Characteristics of “zero variance”:
Those variables are leaf.mild, mycelium and sclerotia.
paste("Degenerate variables:", paste(names(Soybean[,nearZeroVar(Soybean)]),collapse = ', '))
## [1] "Degenerate variables: leaf.mild, mycelium, sclerotia"
Soybean[2:15] %>%
# union(dfEval %>% mutate(TARGET_WINS = as.numeric(NA))) %>%
#keep(is.numeric) %>%
#select(-Class) %>%
gather() %>%
group_by(key) %>%
ggplot(data = ., aes(value)) +
stat_count() +
#geom_density(alpha = 0.3, color = NA, fill = 'yellow') +
#scale_x_continuous() +
#scale_y_continuous() +
# scale_y_continuous(labels = scales::percent) +
facet_wrap(~key, scales = 'free') +
labs(x = NULL, y = NULL) +
theme(axis.text.x = element_text(angle = 30, hjust = 1))
Soybean[16:length(Soybean)] %>%
# union(dfEval %>% mutate(TARGET_WINS = as.numeric(NA))) %>%
#keep(is.numeric) %>%
#select(-Class) %>%
gather() %>%
group_by(key) %>%
ggplot(data = ., aes(value)) +
stat_count() +
#geom_density(alpha = 0.3, color = NA, fill = 'yellow') +
#scale_x_continuous() +
#scale_y_continuous() +
# scale_y_continuous(labels = scales::percent) +
facet_wrap(~key, scales = 'free') +
labs(x = NULL, y = NULL) +
theme(axis.text.x = element_text(angle = 30, hjust = 1))
Soybean[1] %>%
# union(dfEval %>% mutate(TARGET_WINS = as.numeric(NA))) %>%
#keep(is.numeric) %>%
#select(Class) %>%
gather() %>%
group_by(key) %>%
ggplot(data = ., aes(value)) +
stat_count() +
#geom_density(alpha = 0.3, color = NA, fill = 'yellow') +
#scale_x_continuous() +
#scale_y_continuous() +
# scale_y_continuous(labels = scales::percent) +
facet_wrap(~key, scales = 'free') +
labs(x = NULL, y = NULL) +
theme(axis.text.x = element_text(angle = 30, hjust = 1))
Mode and KNN imputation for the missing categorical values would be used.
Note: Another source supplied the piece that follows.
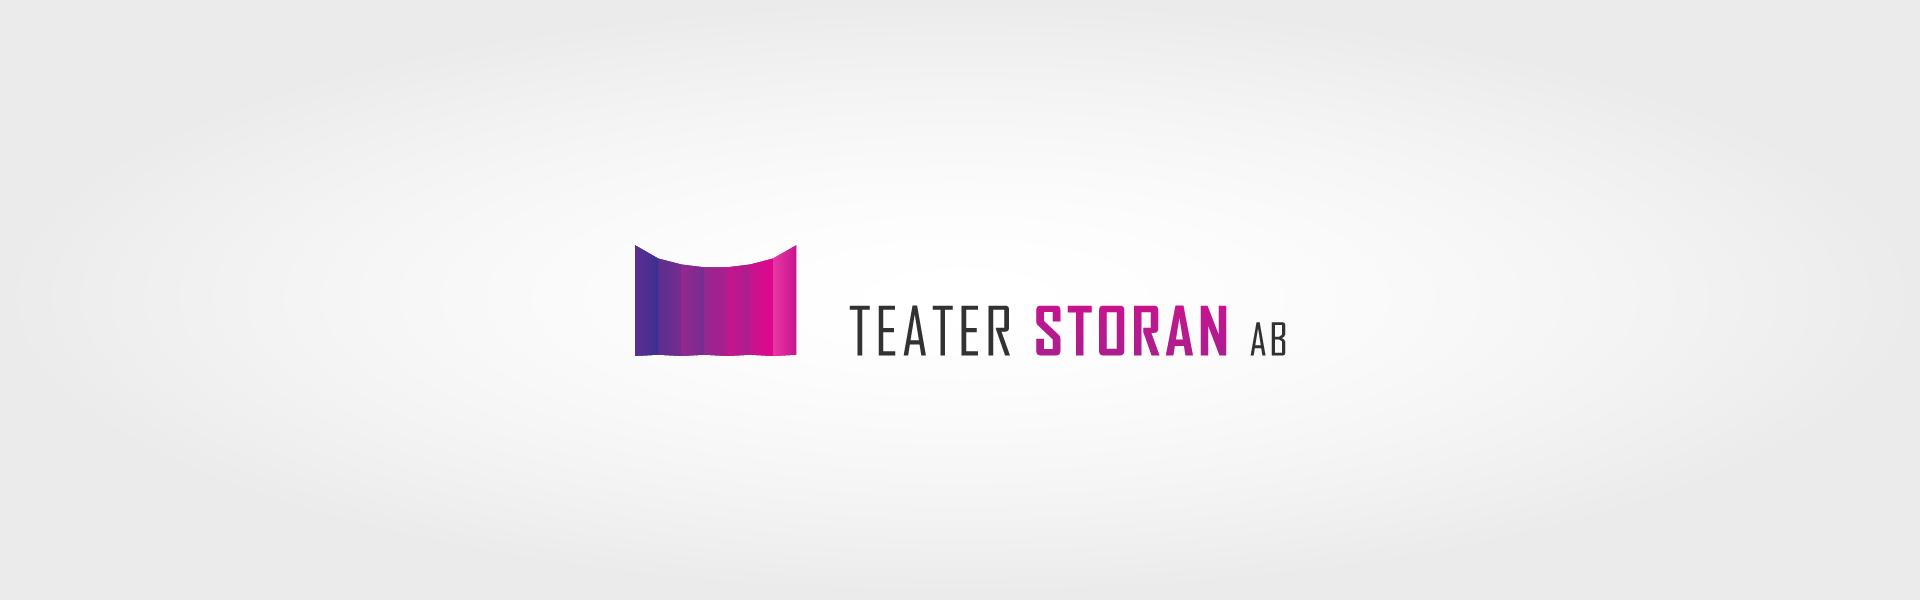 teater-storan-ab_slider_low

As you can see, when Mode is used, since it replaces NAs with the most occuring value, mode category can be highly over-represented, while all others are underrepresented. In other words, the distribution of imputed data can be highly biased. When KNN is used, however, it minimizes the biase as categories are fairly evenly represented.
# subset columns for imputation
dfimpute <- subset(Soybean, select = - c(Class, leaves) )
df <- dfimpute
# perform mode imputation
df[, sapply(df, function(x) !is.numeric(x))] <- apply(df[, sapply(df, function(x) !is.numeric(x))], 2, function(x) {x[is.na(x)] <- names(sort(table(x), decreasing = TRUE)[1]); x})
# create dataframe for plotting imputation impact
plotlist <- list()
for (i in 1:length(names(df))){
t = nrow(unique(df[i]))
name <- names(df[i])
missingness <- c(rep("Pre Imputation", t), rep("Post Imputation", t)) # Pre/post imputation
Category <- as.factor(rep(names(table(dfimpute[i])), 2)) # Categories
Count <- c(as.numeric(table(dfimpute[i])), as.numeric(table(df[i]))) # Count of categories
plotlist[[i]] <- data.frame(name, missingness, Category, Count) }
alldata <- do.call(rbind, plotlist)
plot1 = alldata[alldata$name %in% names(df)[1:15],]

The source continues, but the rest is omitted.